You'll need to remember that many (most?) online user reviews are left by idiots that know less than you do. Or at best, as much as you do. This sounds like one of those instances. These are the same people who cannot set the clock on a VCR and complain about it (blaming the VCR) -- or praise a product because it has a pretty remote (nevermind that the device works horribly).
Not having a mirror box would mean there is not an optical viewfinder. There is clearly an optical viewfinder, so that's just a bunch of crazy hogwash that you read. There's obviously a mirror in the body, based on the Nikon engineering photos shown on Amazon
Other images show an obvious pentaprism used in viewfinders.
LCDs are hard to see in most light anyway, and real photographers quite honestly should not spend much time playing in playback mode or menus. Take the photos, use your skills, and edit later. I only check an LCD for exposure quality before I get to serious shooting, or when I need to check if I have enough good shots when several assignments are back to back. (In the old days, you'd just gamble and pray you got enough as you run from one event to another in the same day!)

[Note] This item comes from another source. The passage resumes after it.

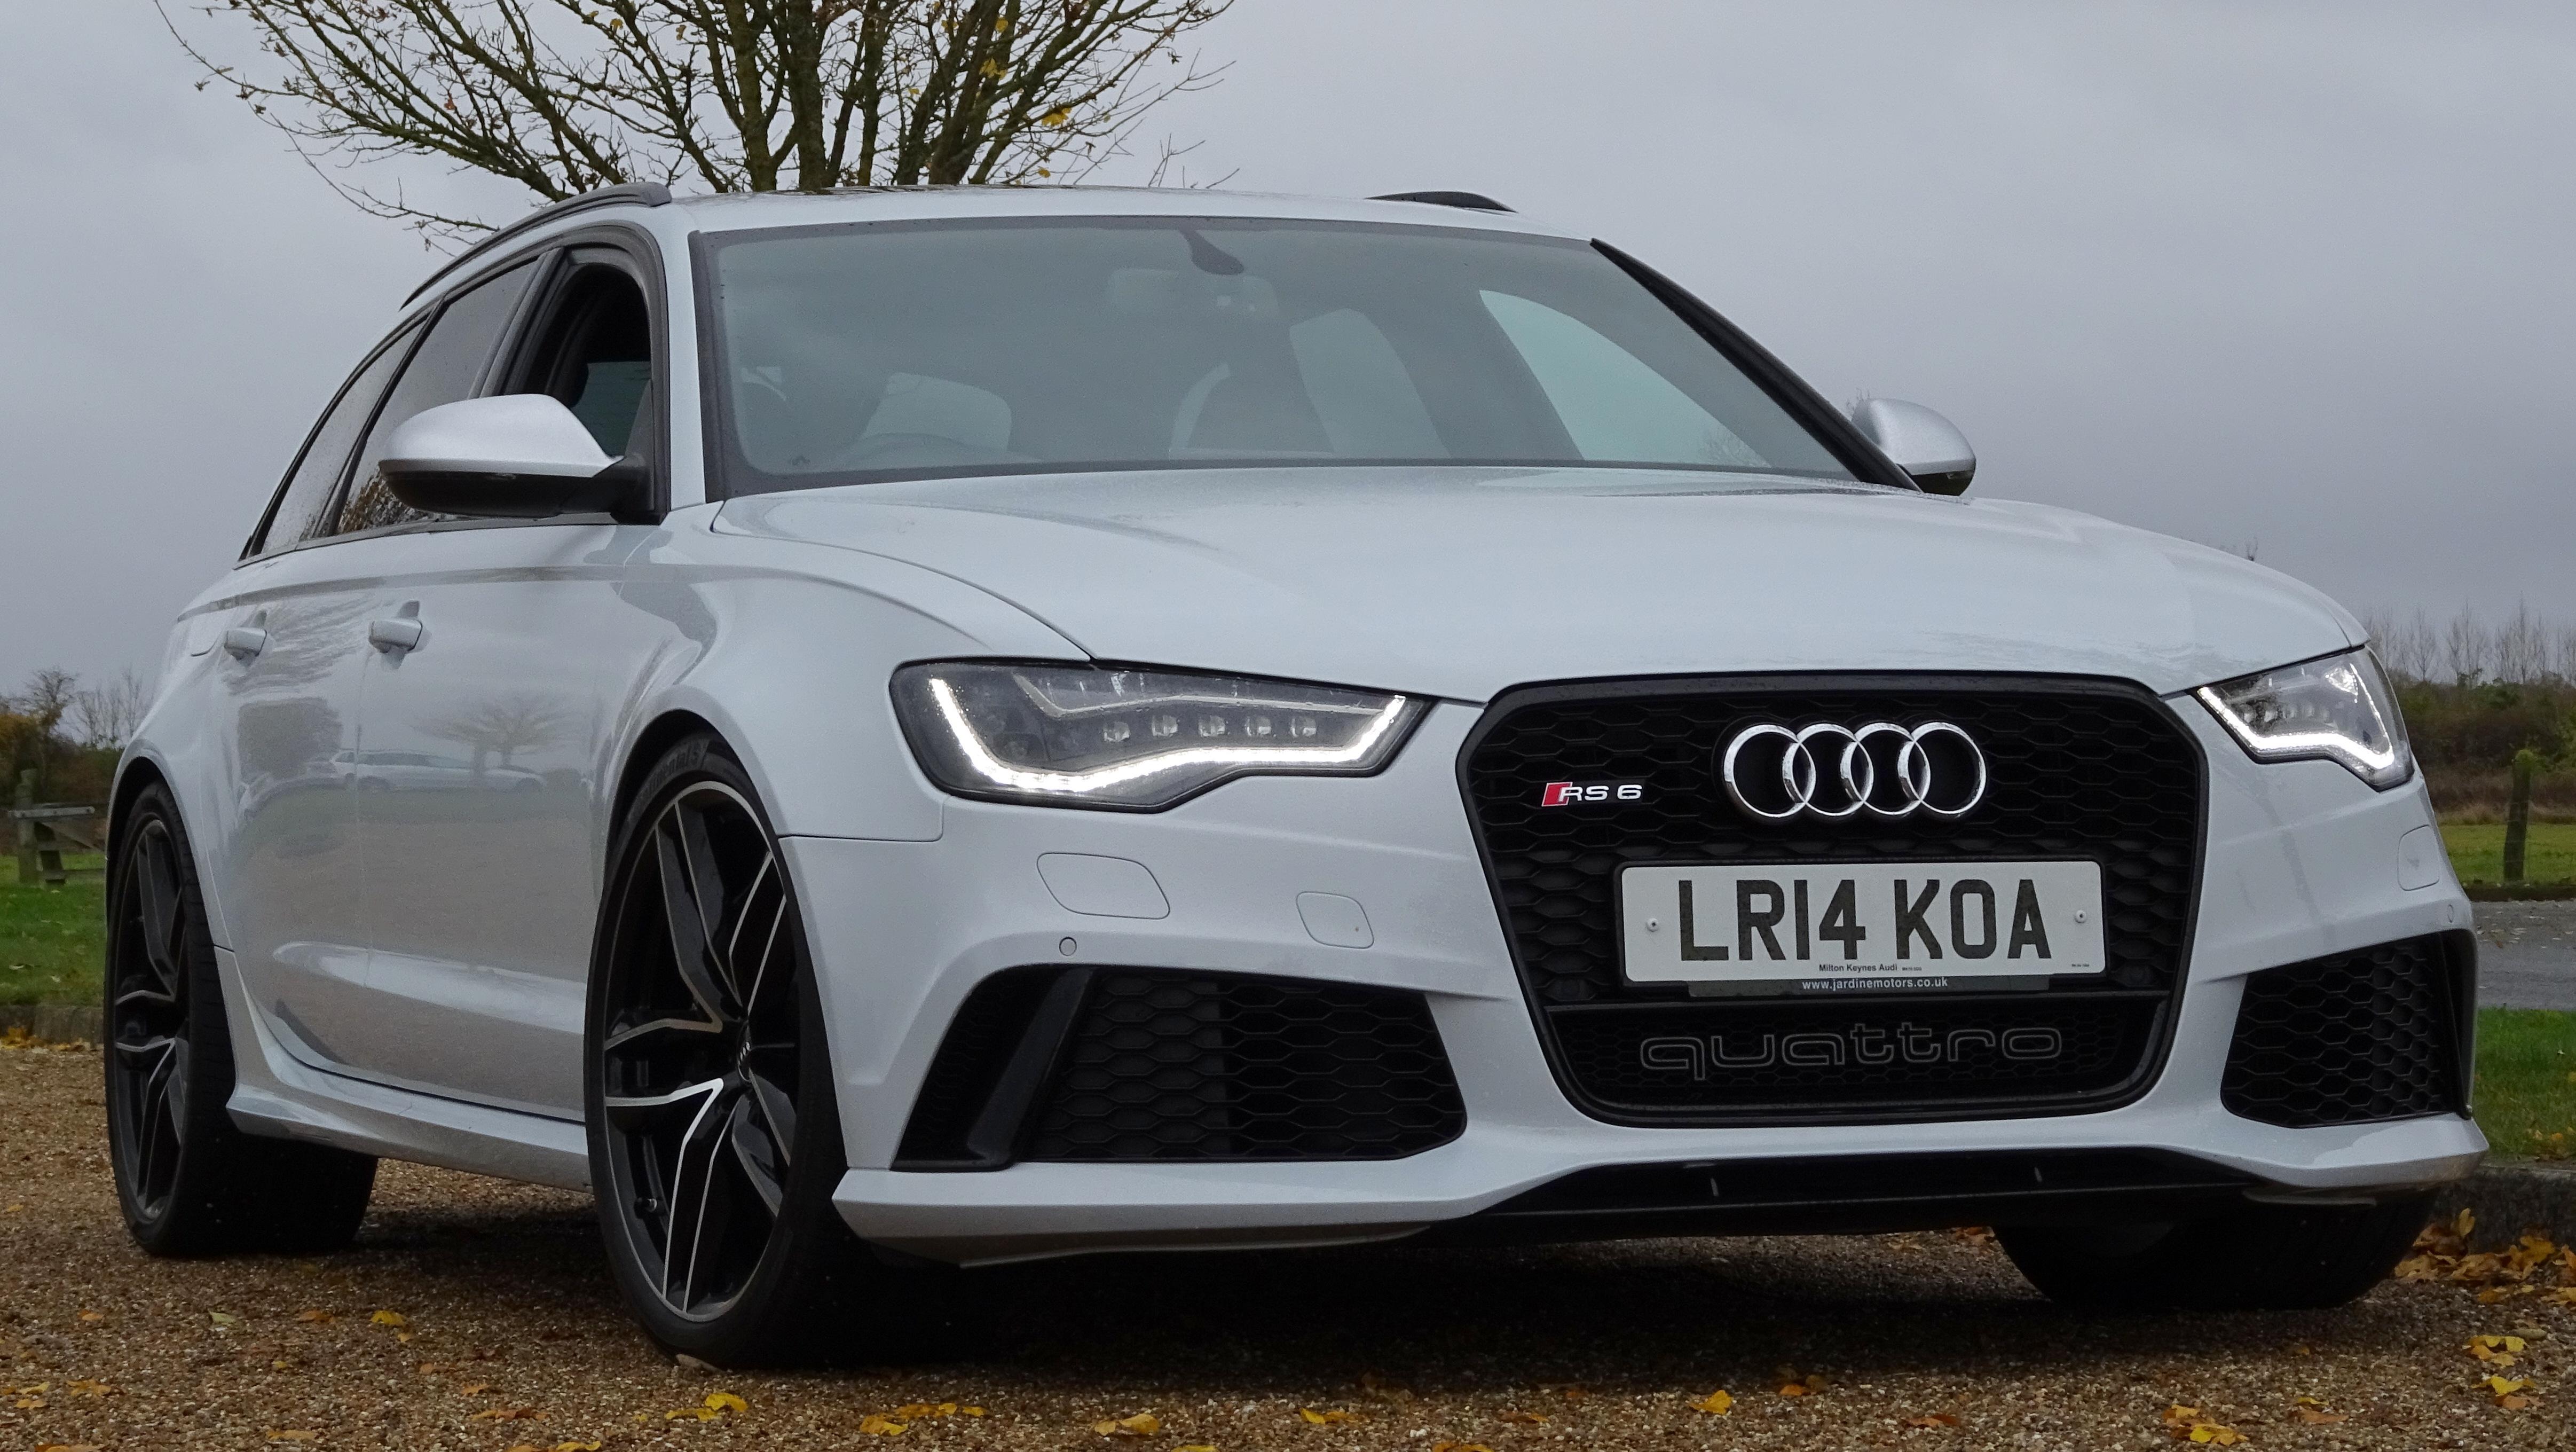 2014 Audi RS6 Video Walk Around

Looking at the LCD in sunlight (any outdoor light, to be honest) or even a well-lit indoor location is an exercise in futility, even with those special "shade" type (horse blinder style) LCD covers.
LCD-only view cameras make for a miserable experience.
A lot of consumer cameras now come with that fold-out LCD gimmick, but Nikon seems to (so far) be ignoring it in favor of more proven and sensible photo methods.
The 4x3 cameras are not as good as the standard 3x2 cameras, no. While the four-thirds system is fine for what it is, I don't see it as having any benefits to your situation. You'd be buying into a far more obscure setup.
More on the 4:3 system at http://en.wikipedia.org/wiki/Four_Thirds_system
if you're curious.
I'd stick to Nikon v Canon for your purchasing.
Sometimes I'll even suggest Sony or Pentax DSLR cameras, but this isn't one of those times.